## Data excerpt
☆ ☆ ☆ ☆ ☆
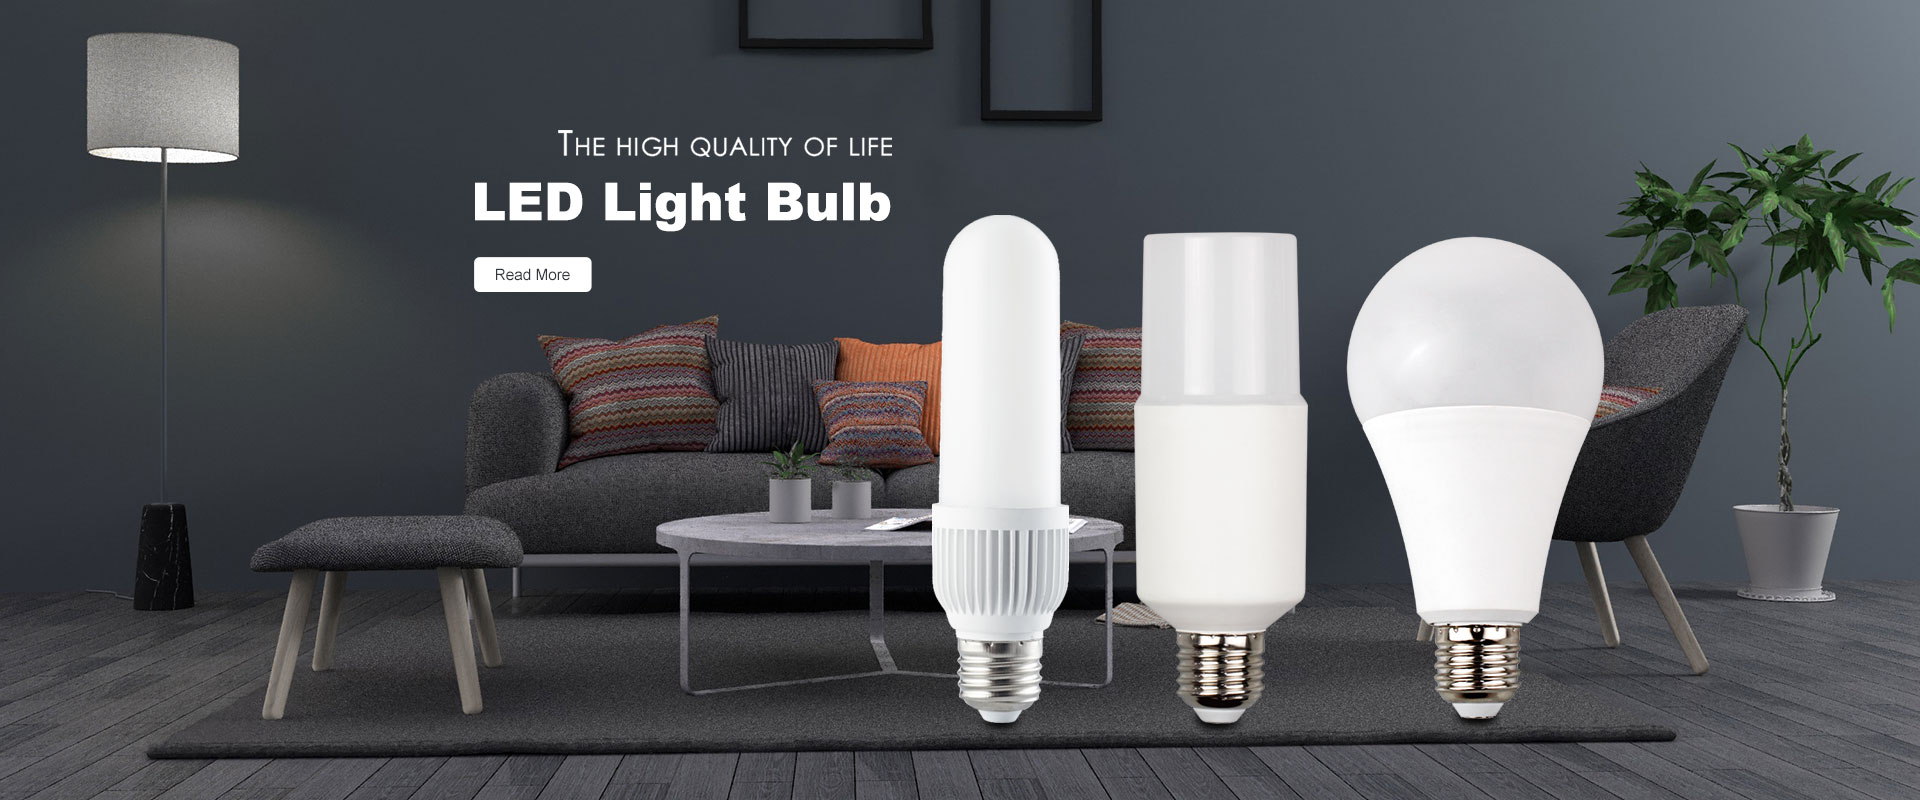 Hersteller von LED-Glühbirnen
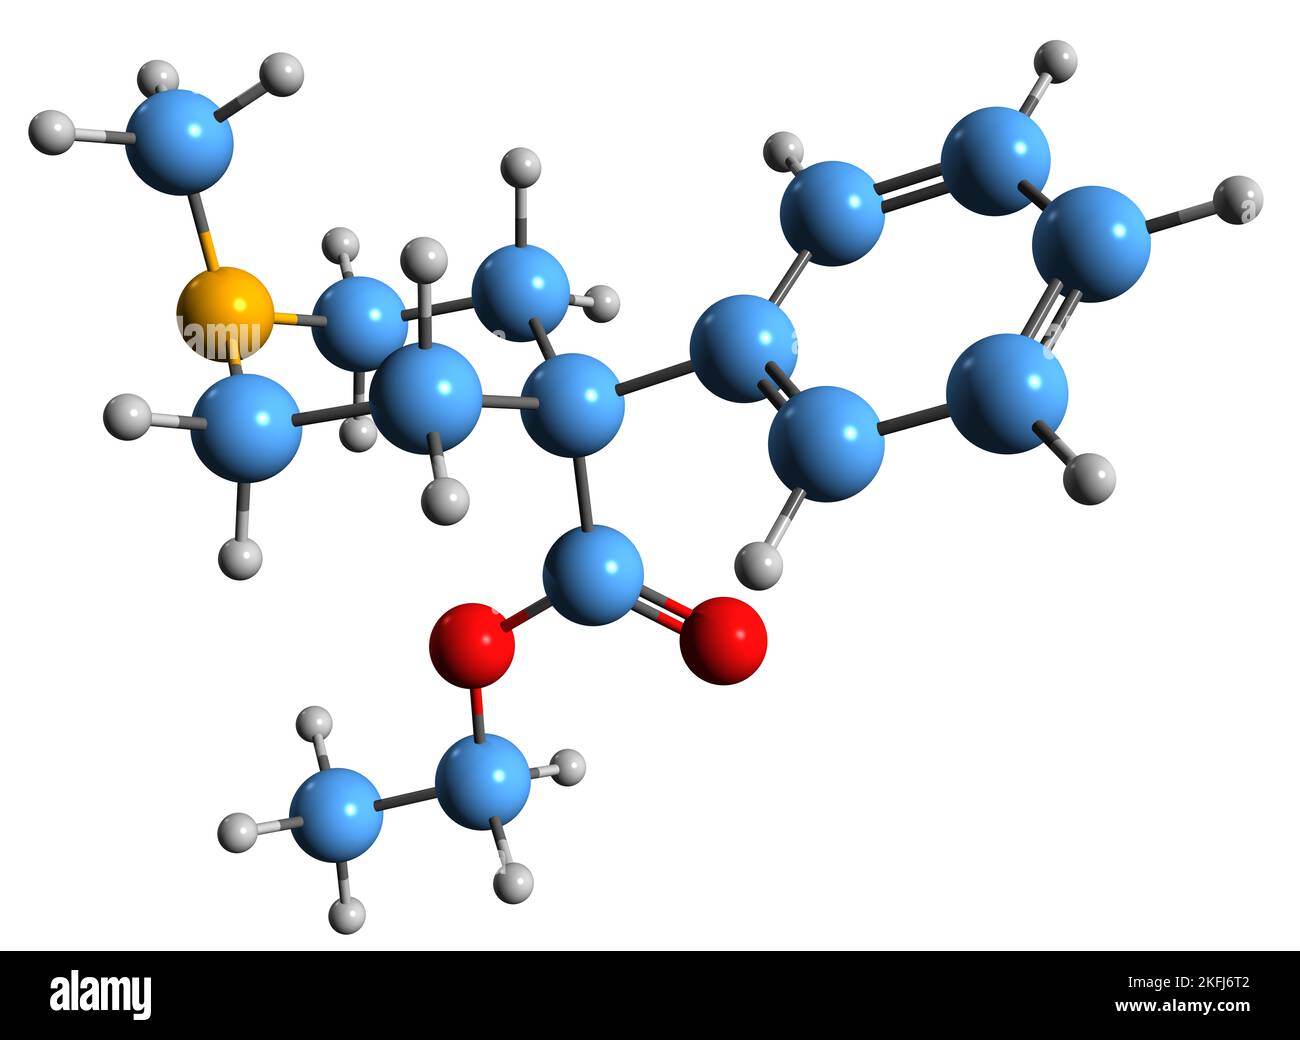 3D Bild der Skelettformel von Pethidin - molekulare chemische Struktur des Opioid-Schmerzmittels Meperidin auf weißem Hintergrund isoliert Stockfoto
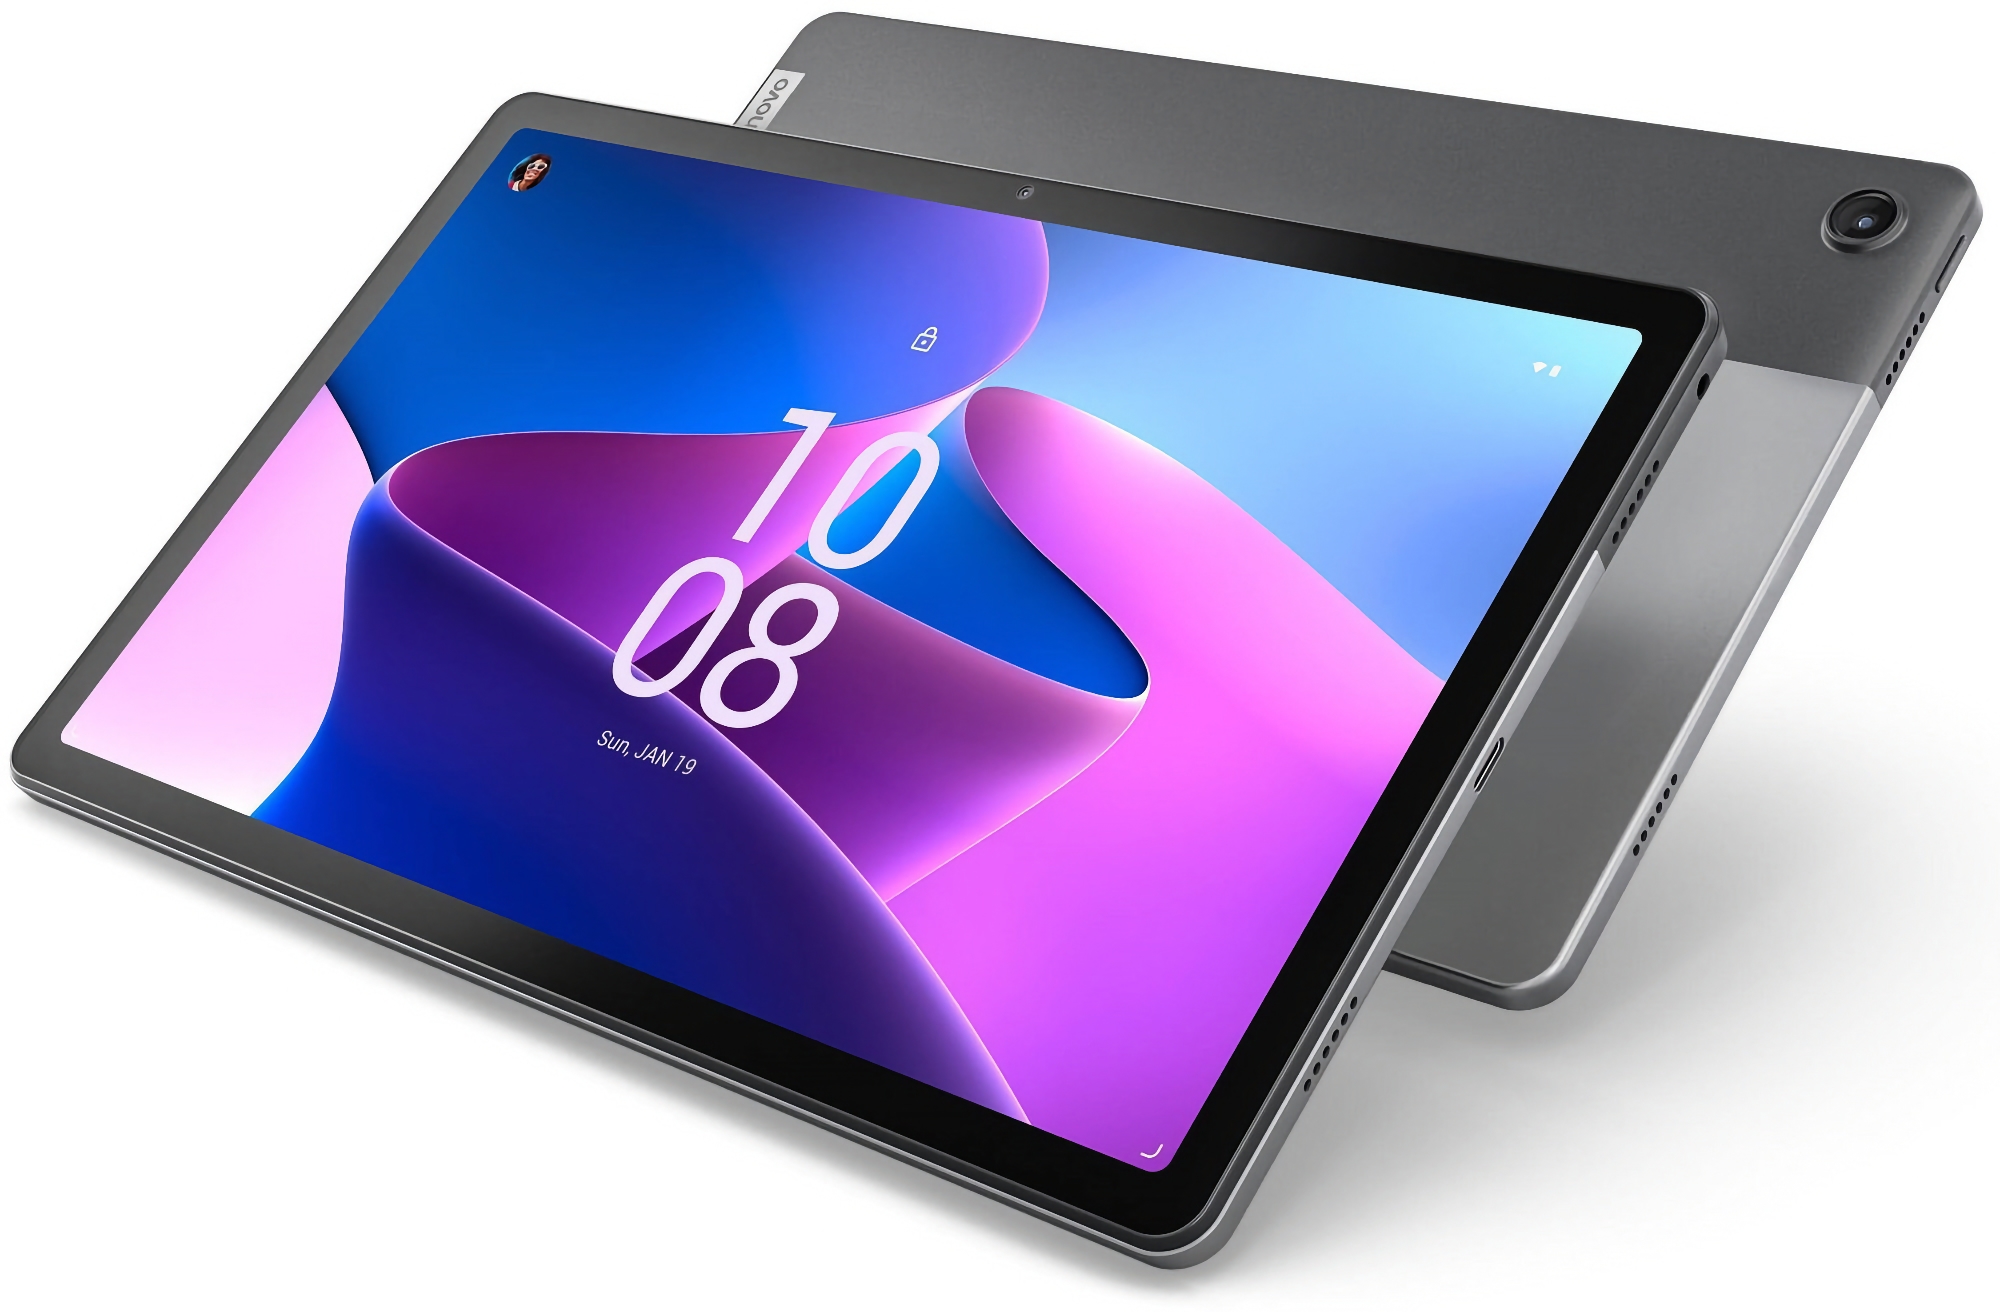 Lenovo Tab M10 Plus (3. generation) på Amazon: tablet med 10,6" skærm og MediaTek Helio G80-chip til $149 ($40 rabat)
☆ ☆ ☆ ☆ ☆
## Your instructions
The full listing must come back exactly as written, with its pictures left out.

## Output
 Hersteller von LED-Glühbirnen
 3D Bild der Skelettformel von Pethidin - molekulare chemische Struktur des Opioid-Schmerzmittels Meperidin auf weißem Hintergrund isoliert Stockfoto
 Lenovo Tab M10 Plus (3. generation) på Amazon: tablet med 10,6" skærm og MediaTek Helio G80-chip til $149 ($40 rabat)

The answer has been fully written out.